- Lescheret Location in Belgium
- Coordinates: 49°52′36″N 5°34′06″E﻿ / ﻿49.8766995°N 5.5683°E
- Country: Belgium
- Region: Wallonia
- Province: Luxembourg
- Municipality: Vaux-sur-Sûre
- Time zone: CET

= Lescheret =

Village in Belgium

Lescheret is a village in the Belgian province of Luxembourg. It is located in Juseret, a borough of Vaux-sur-Sûre. The village center is located over a kilometer east of the village center of Juseret.

== Location ==
This Ardennes village is situated in the southern part of the new municipality of Vaux-sur-Sûre, between the localities of Juseret and Chêne, the latter village belonging to the municipality of Léglise. It is located at the source of the small Lescheret stream, a tributary of the Géronne.

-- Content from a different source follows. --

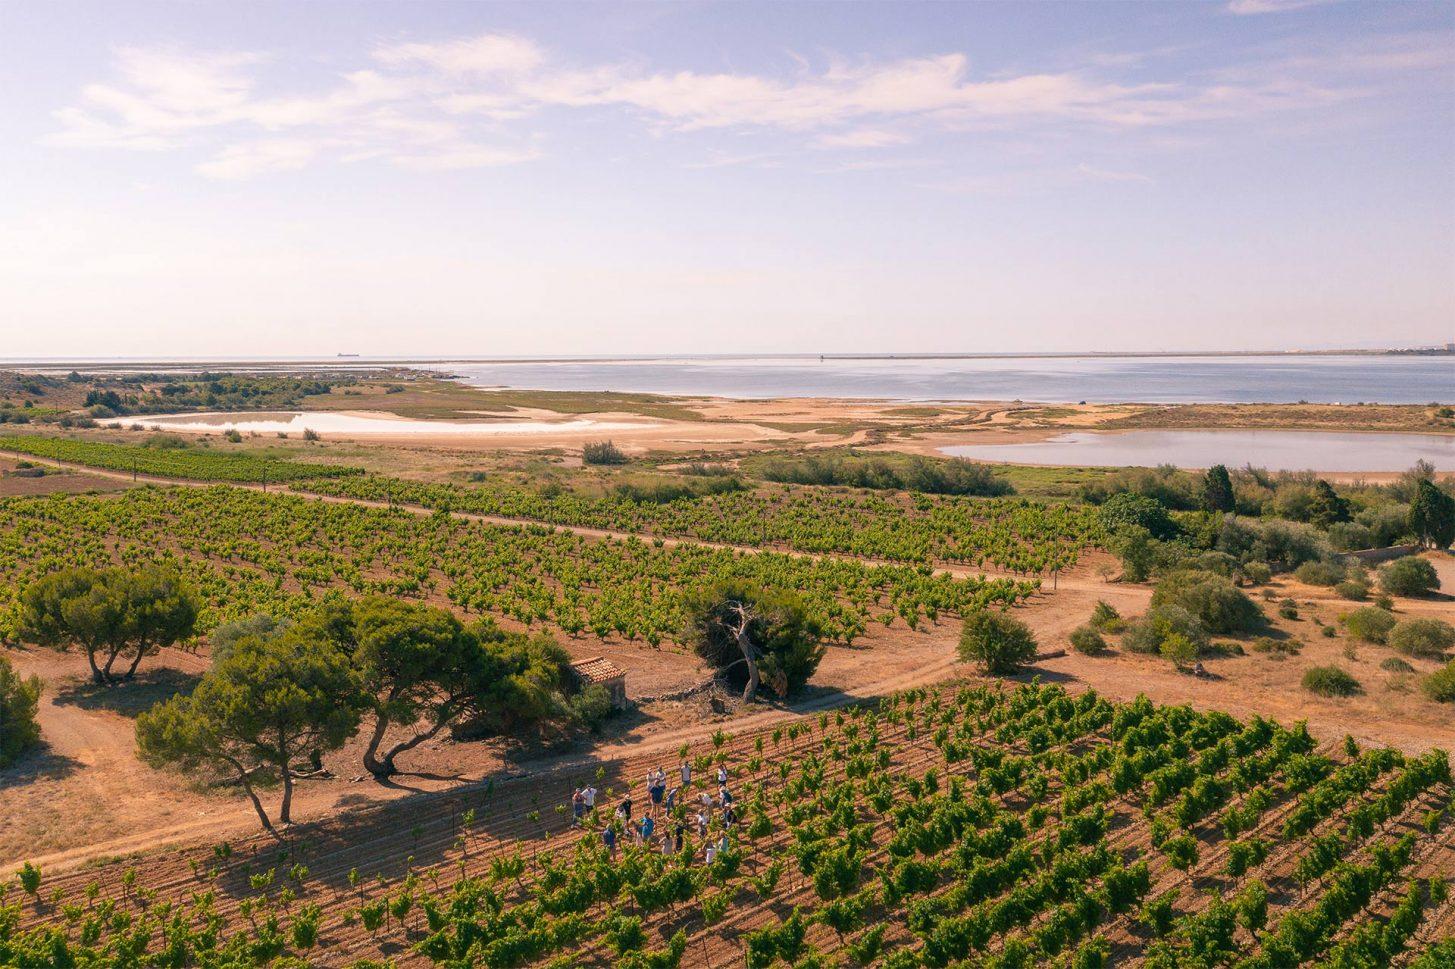 Balade et dégustations de vins dans les vignes à Gruissan ©Vincent Photographie - ADT de l'Aude
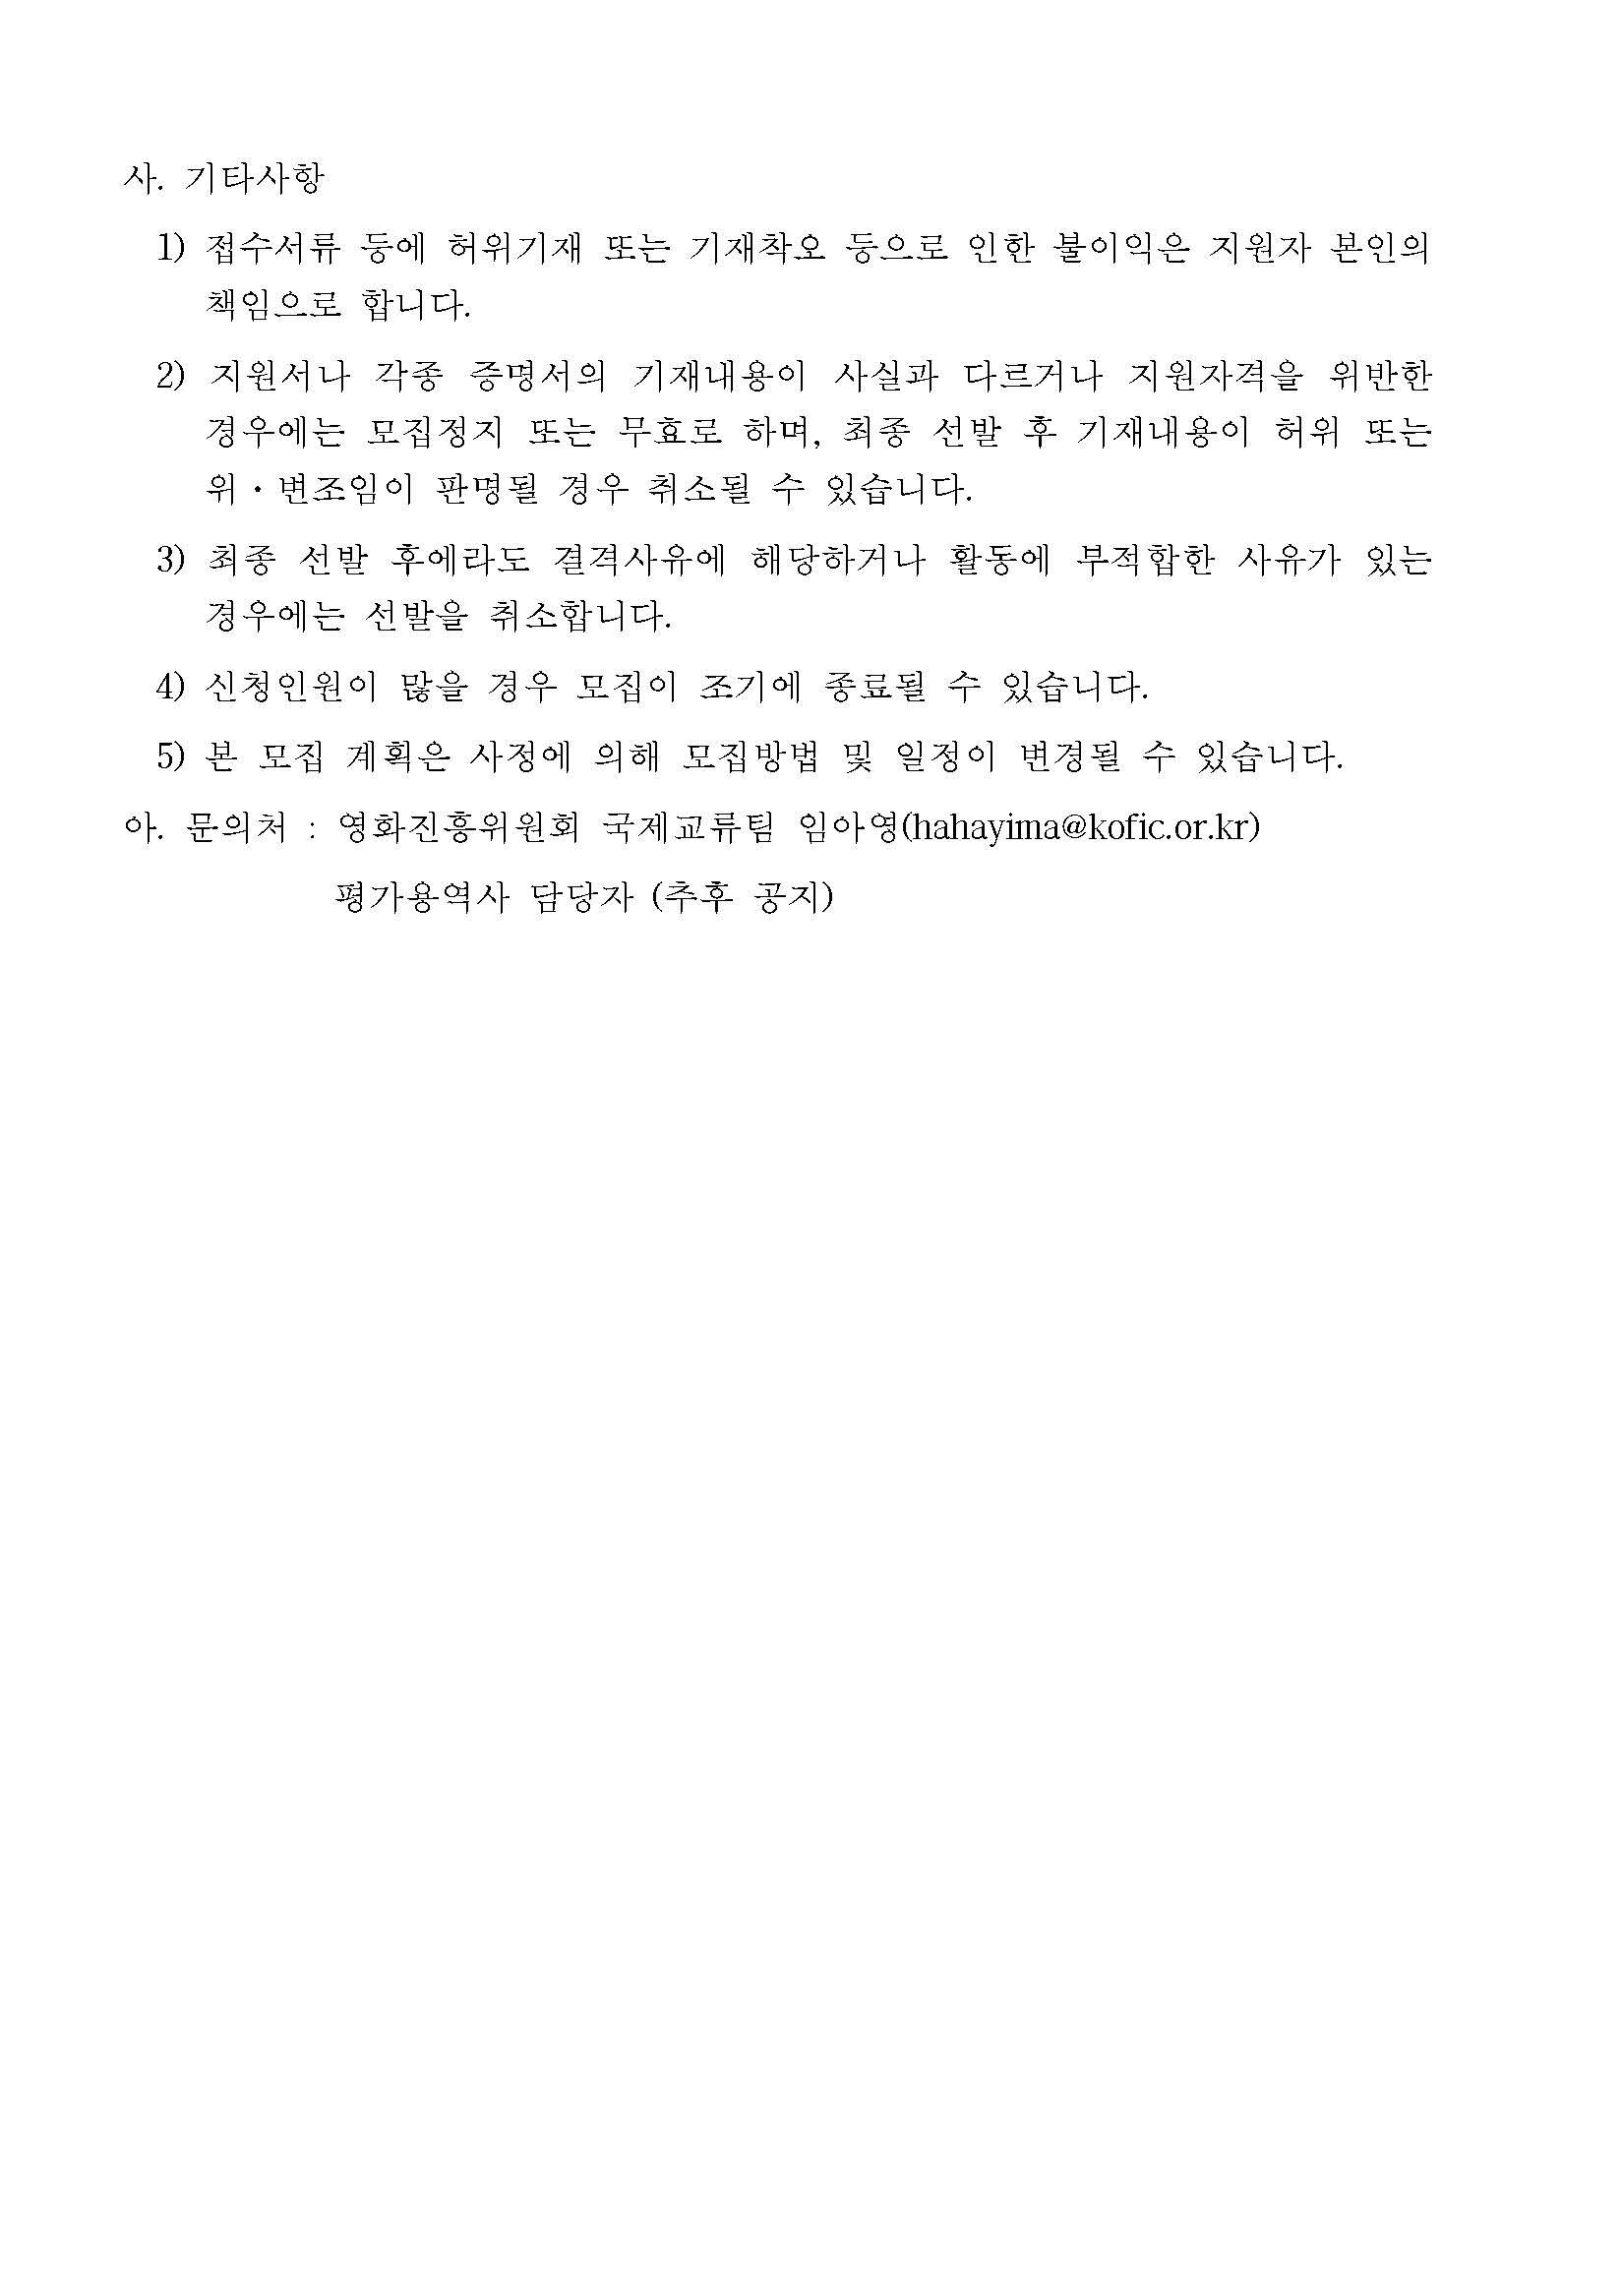 2021년_전주국제영화제_모집공고문_페이지_3

The valley of this stream is considered a site of great biological interest.

== Heritage ==
- The Saint-Roch Chapel was constructed around 1880 in a neo-Romanesque style. It replaced the earlier church built in 1664 when the inhabitants of the village of Mageriol, decimated by the plague, set fire to the village and settled on the other side of the hill at Lescheret. Some of the furniture (including a reredos with niches and angelic heads) dates back to the time of this first building and comes from the old church of Mageriol. Unfortunately, ancient statues of Saint Roch and Saint Sebastian from that time were stolen at the end of the 20th century. The chapel has a single nave with three bays and a semi-circular apse. The facade, tower, and roof are covered with slate, and the spire has an octagonal shape with a square base.
- Two other small chapels are listed in the village.

== Tourism ==
- Lescheret has a small campsite and a singing restaurant.

== Notable Personality from the Village ==
Arnaud De Lie, a cyclist born in 2002, lives in a farm in the village. He is nicknamed the "Bull of Lescheret".